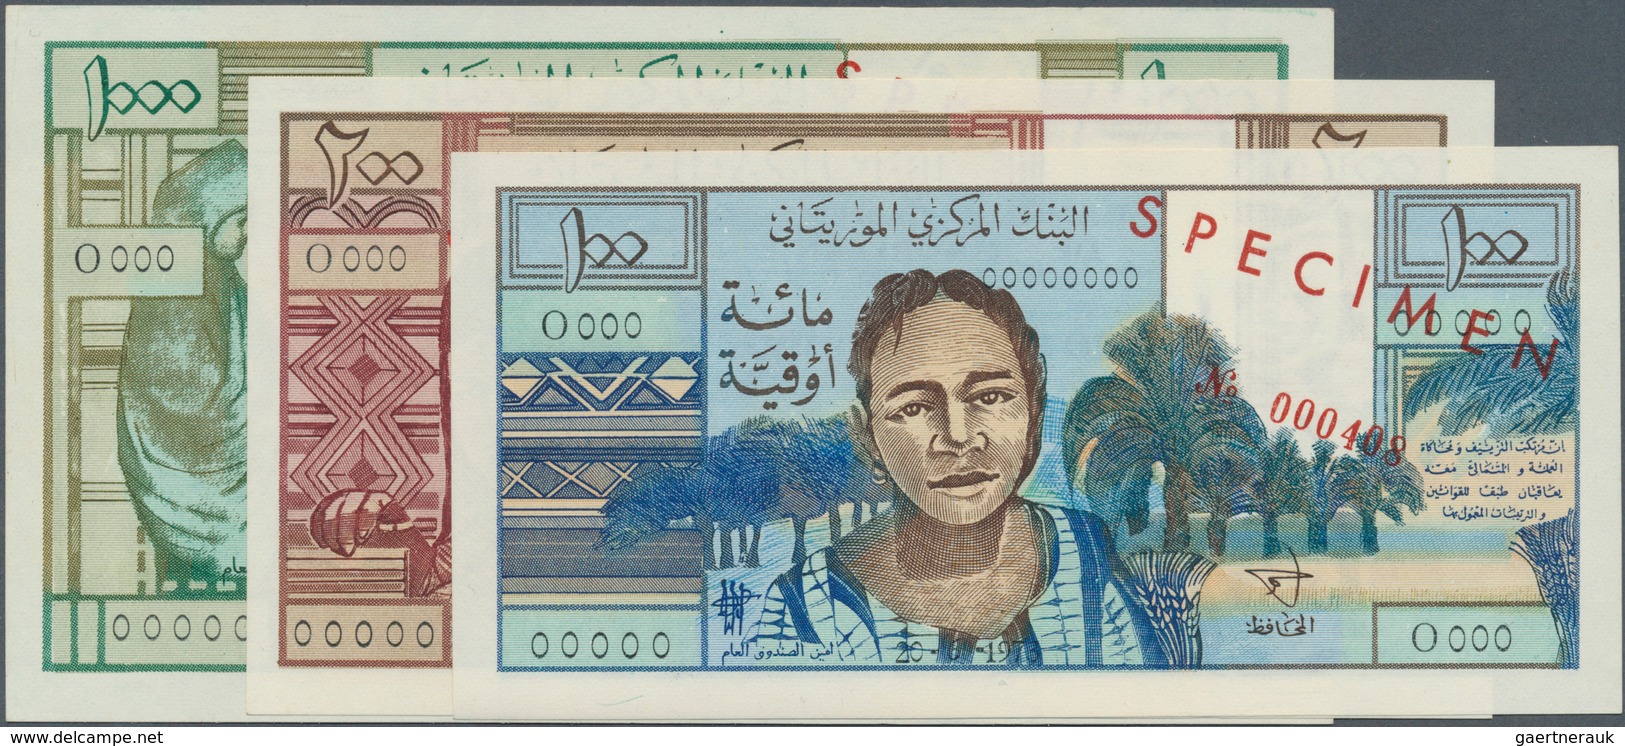 Mauritania / Mauretanien: Set 3 Specimen Notes From 100 To 1000 Ouguiya 1973 P. 1s-3s All In Conditi - Mauritania
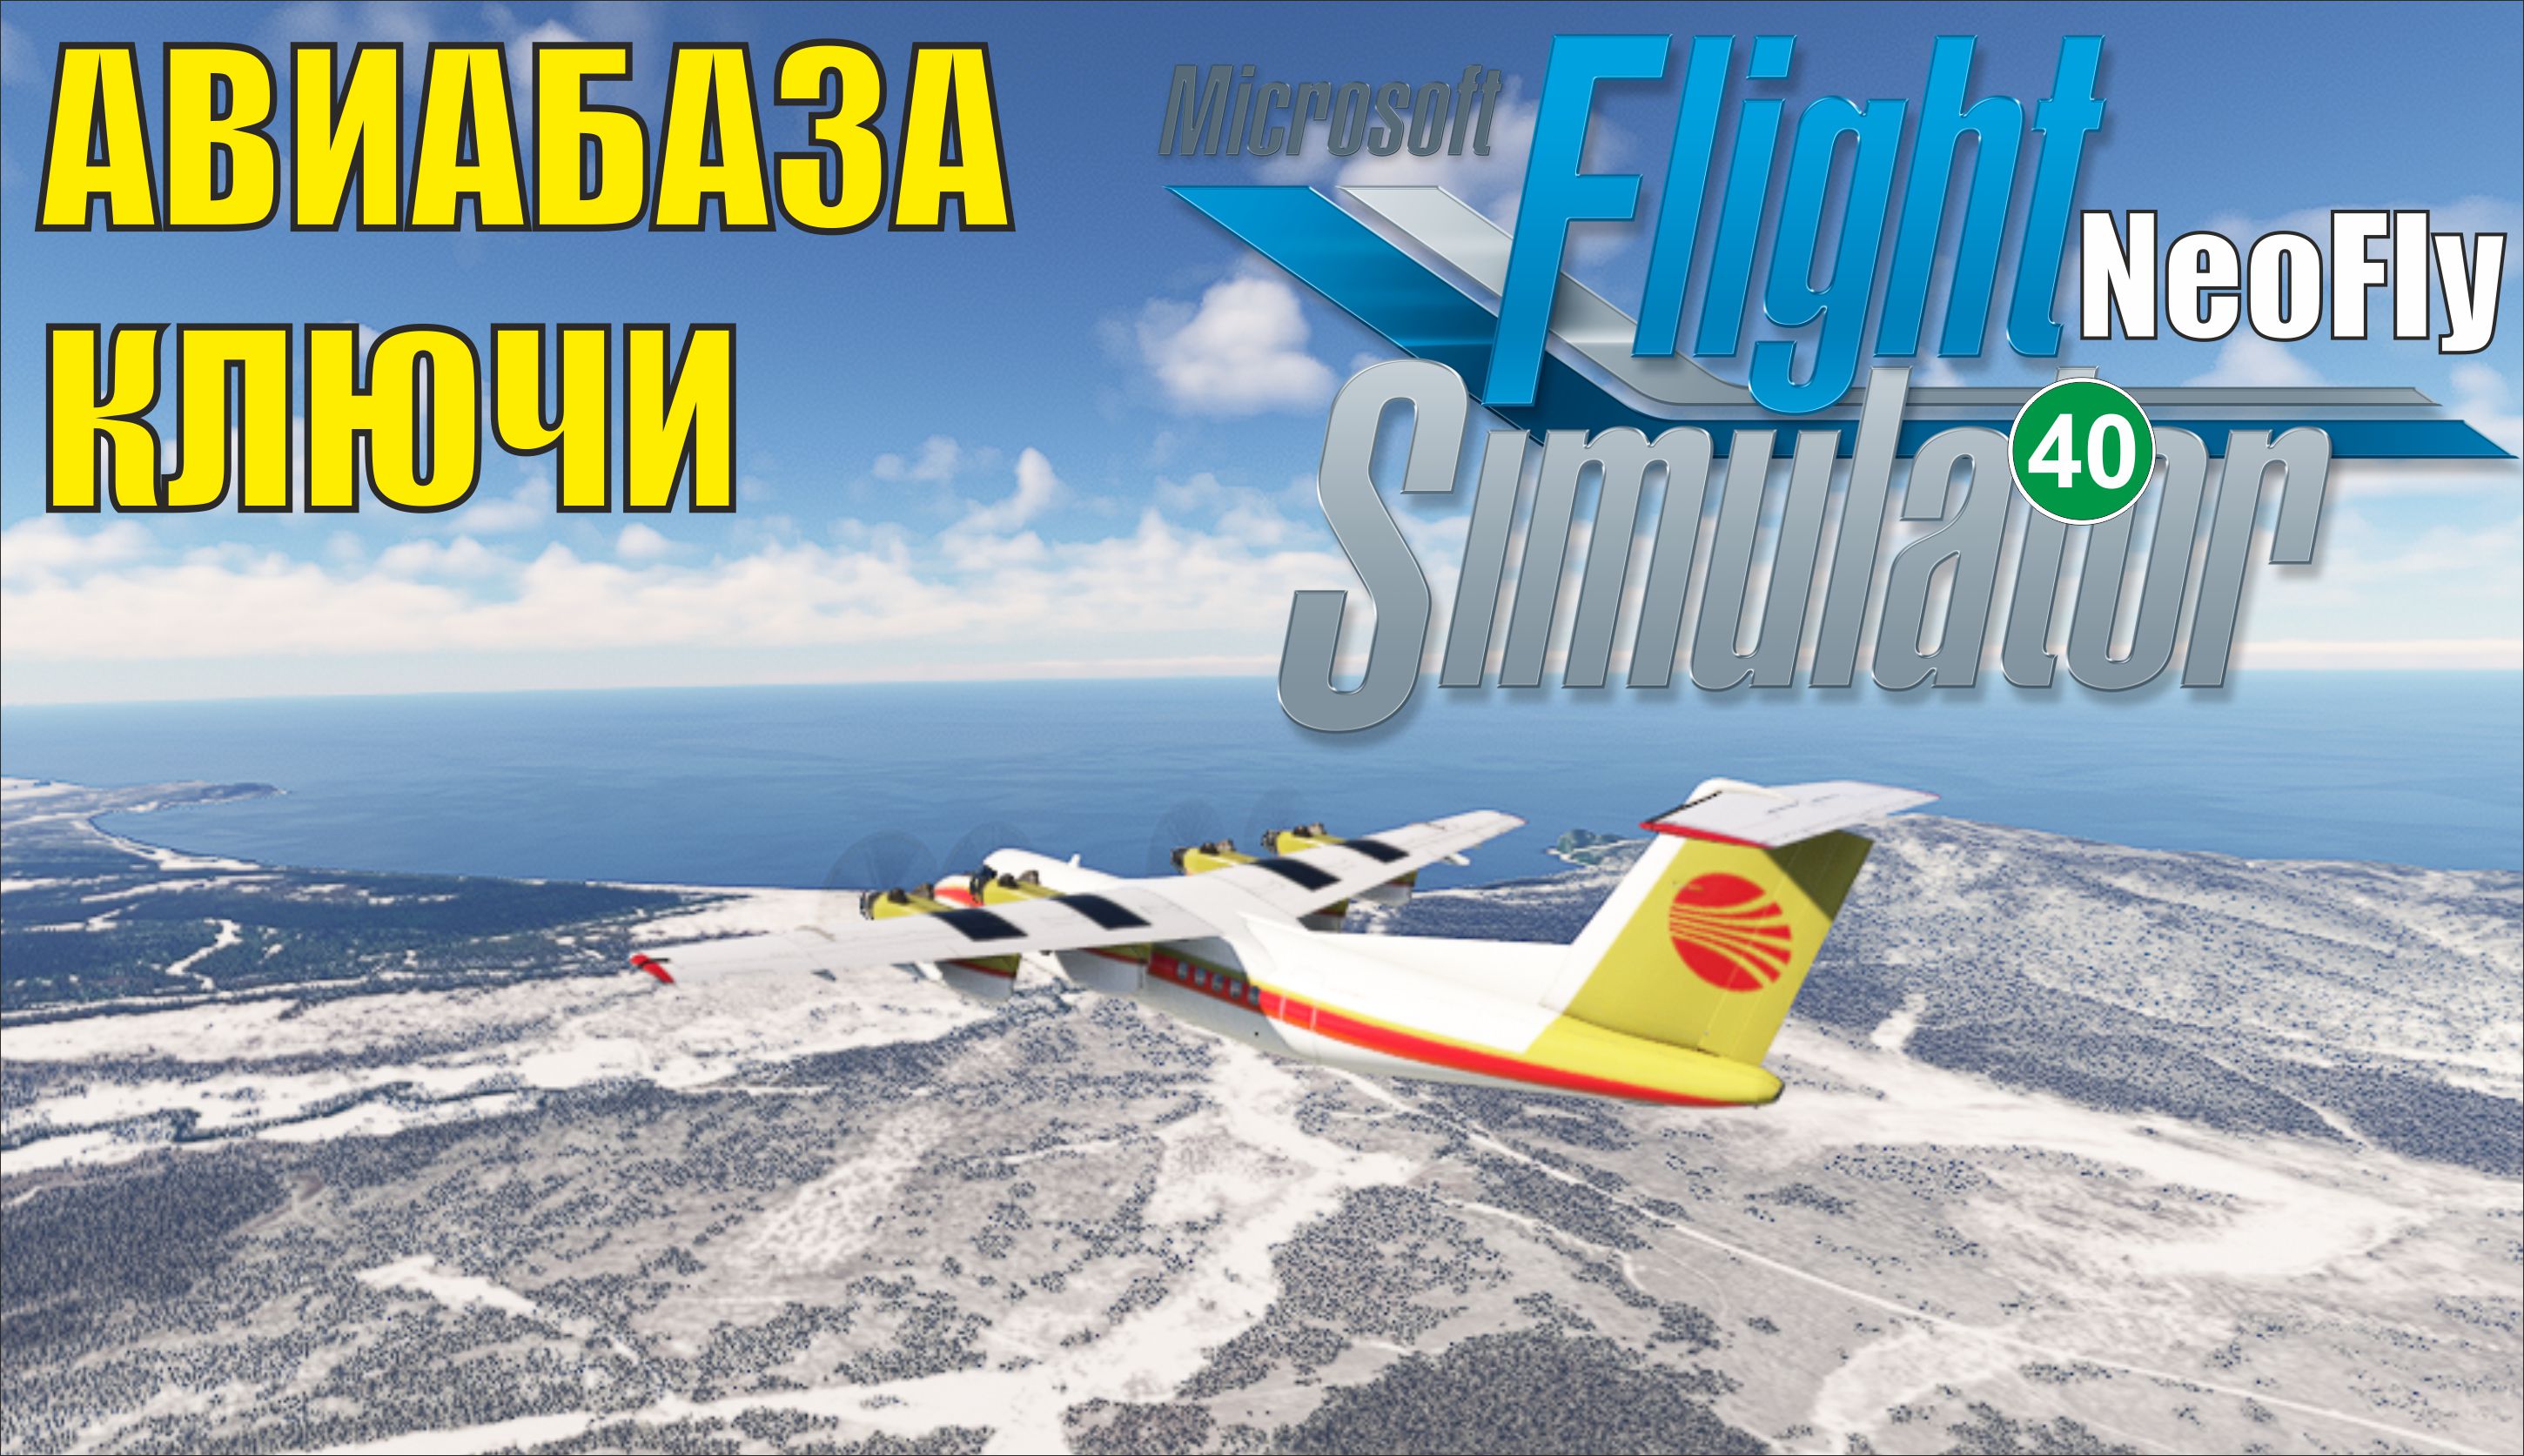 Microsoft Flight Simulator 2020 (NeoFly) - Авиабаза Ключи
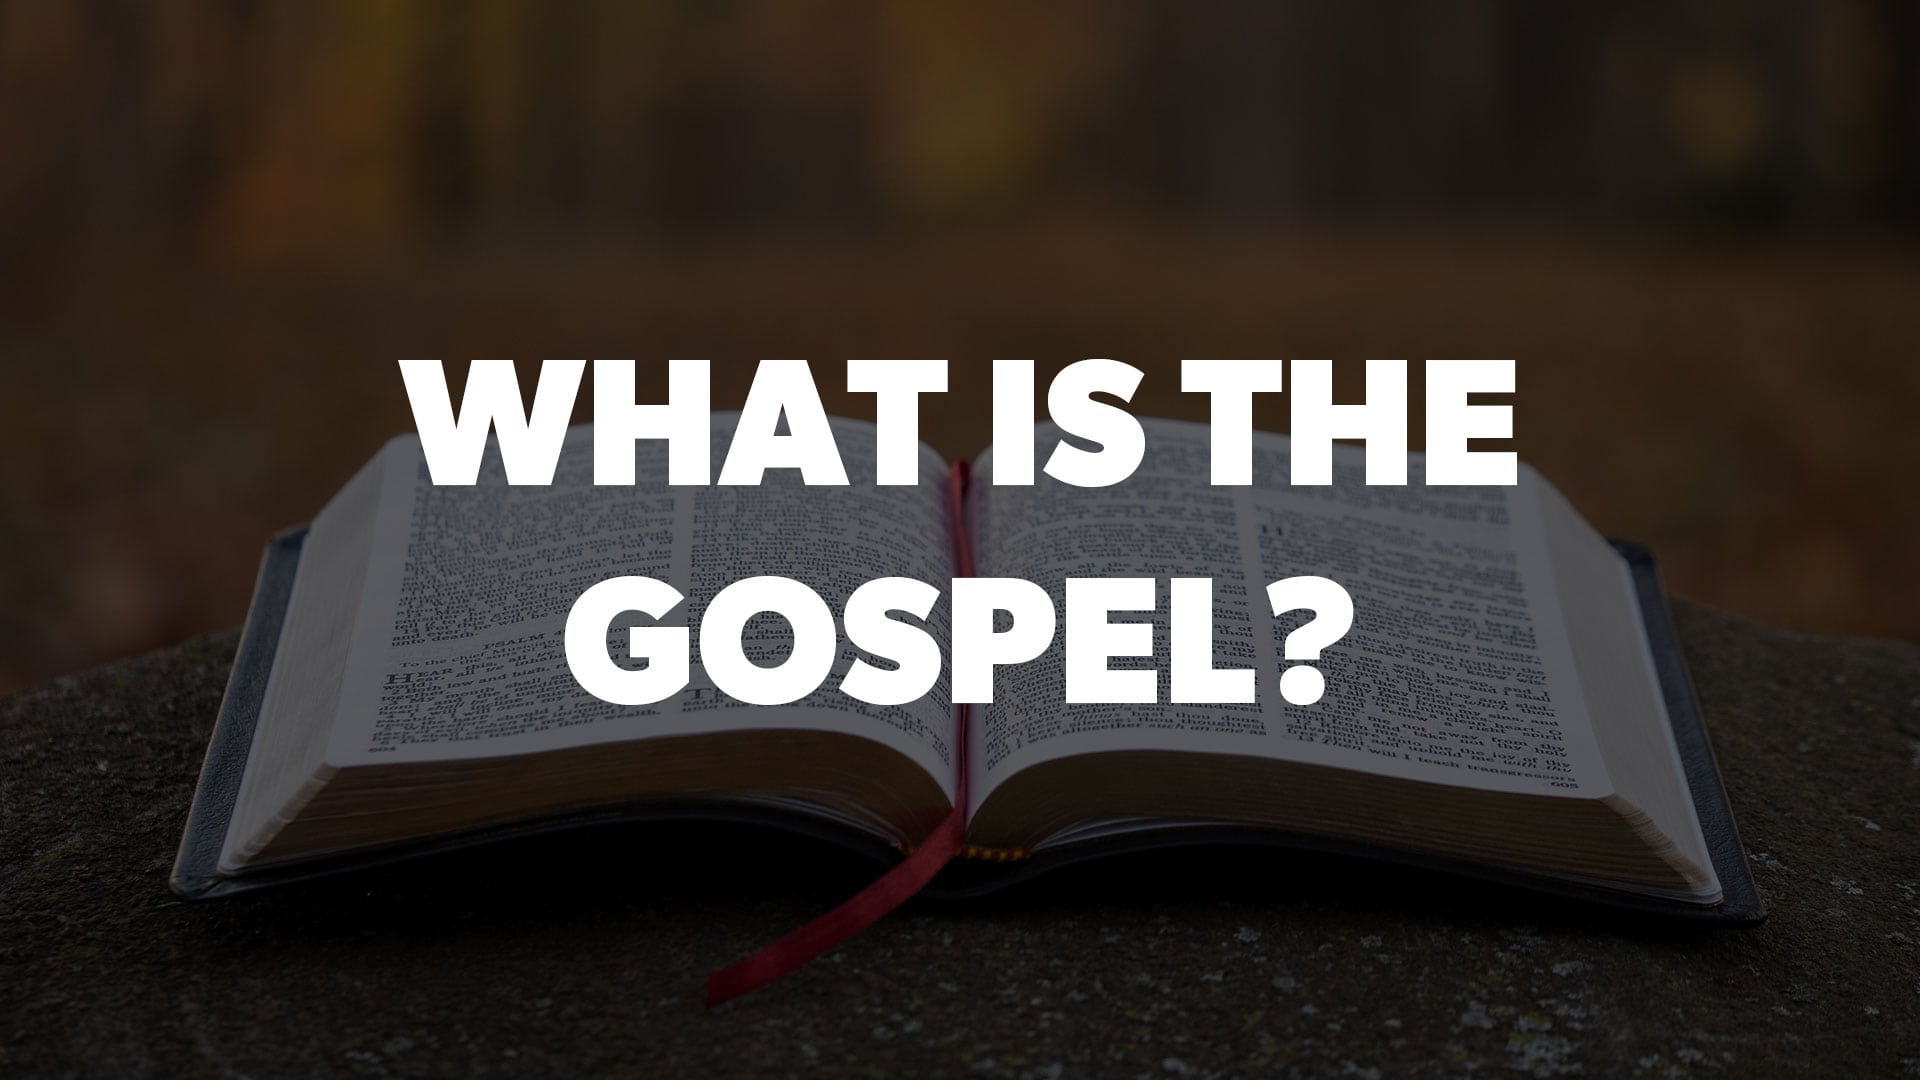 define as gospel
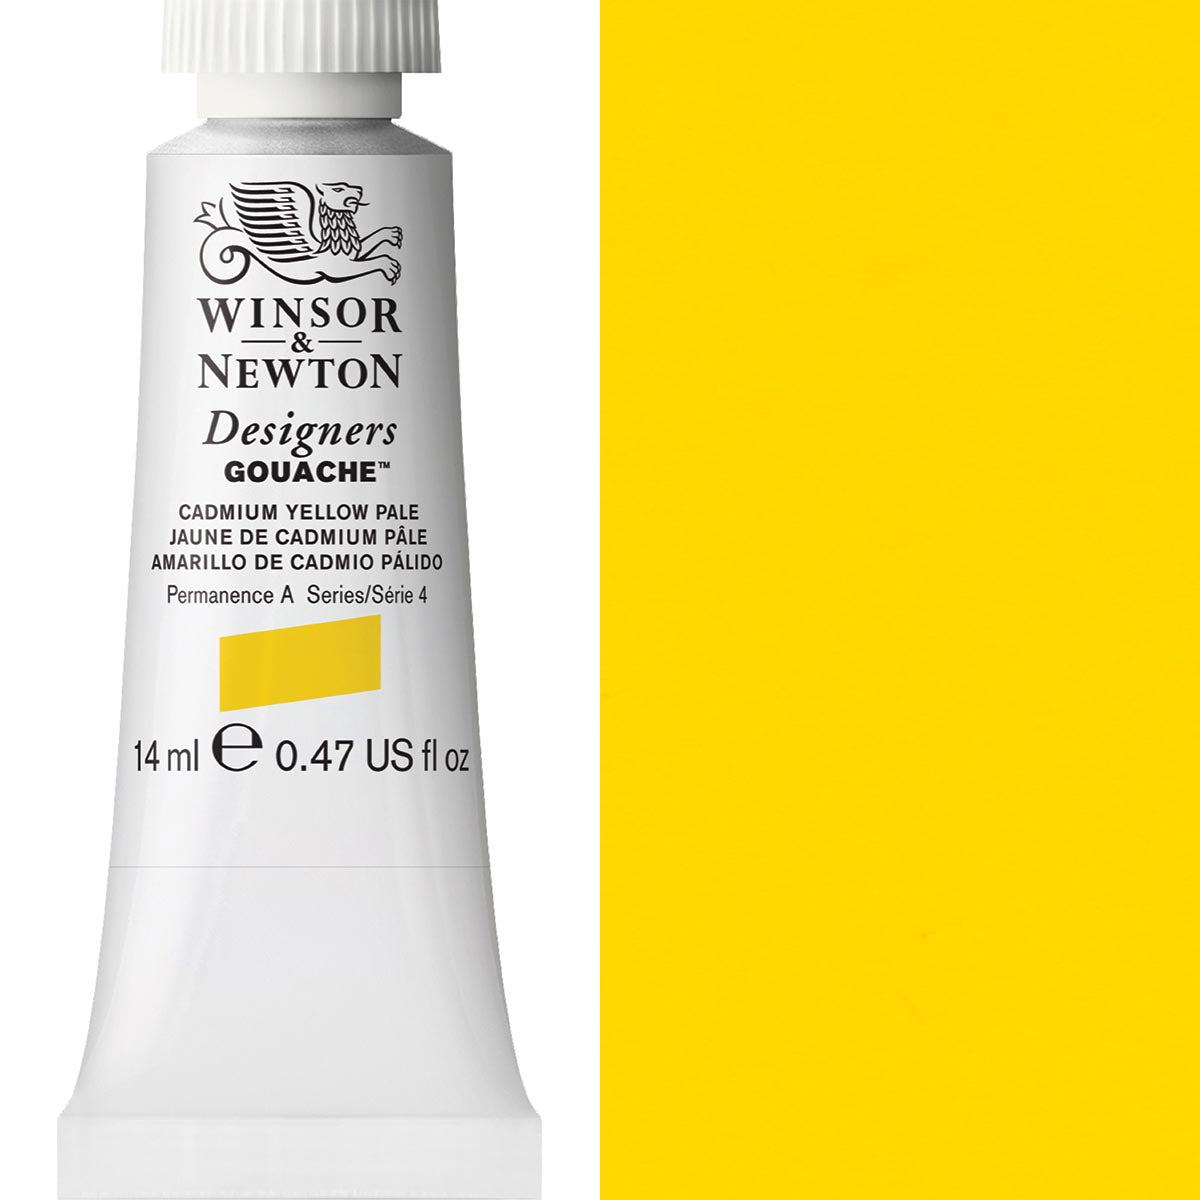 Winsor and Newton - Designers Gouache - 14ml - Cadmium Yellow Pale
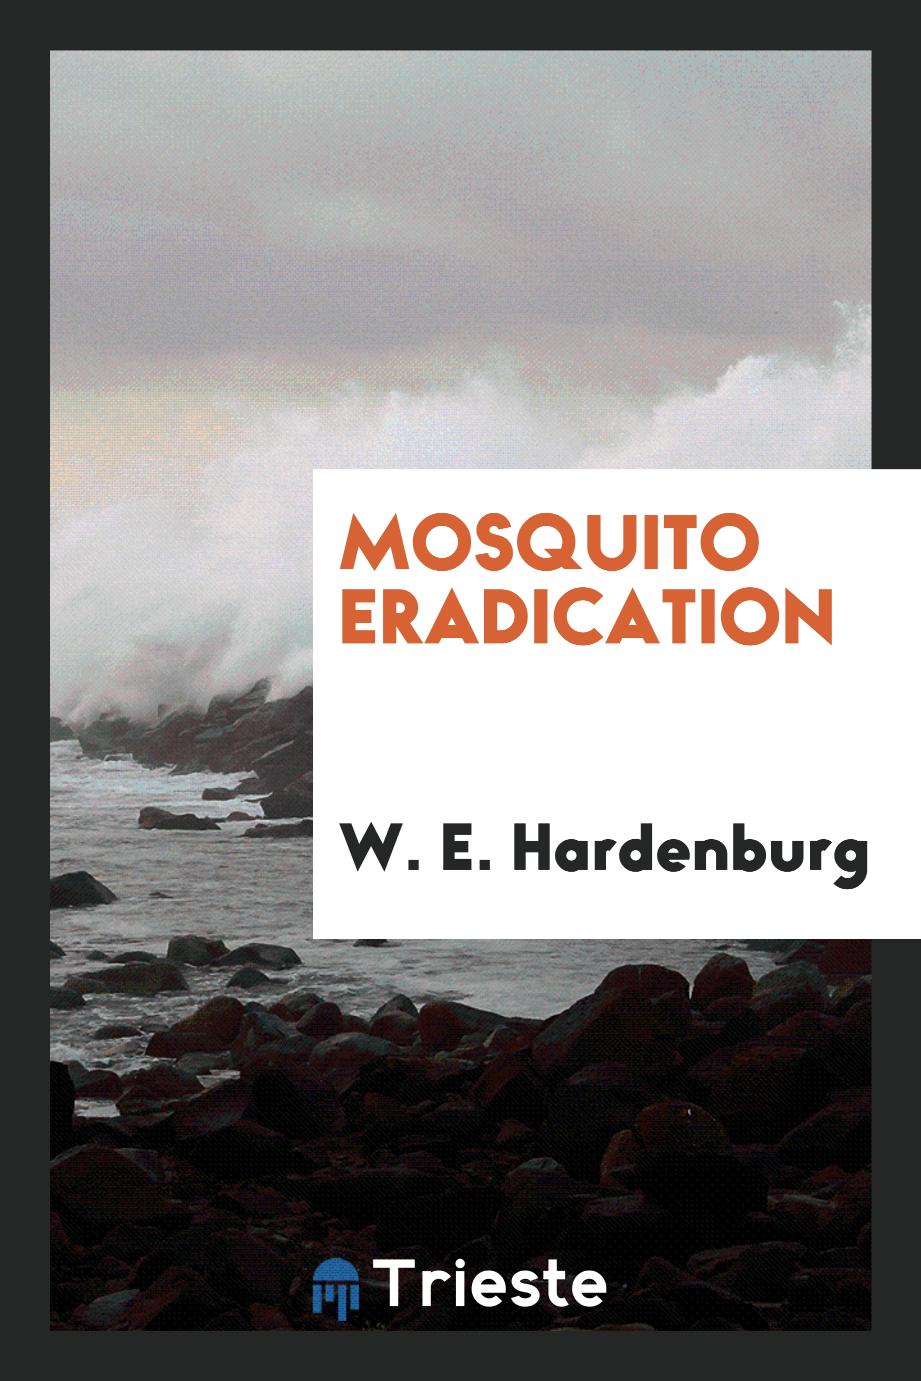 Mosquito eradication
========================================
Take the line that contains "Winsor and Newton" as the first and the last line of the records as the end, and please quote those lines exactly, pictures omitted.

 Winsor and Newton - Designers Gouache - 14ml - Cadmium Yellow Pale
 Mosquito eradication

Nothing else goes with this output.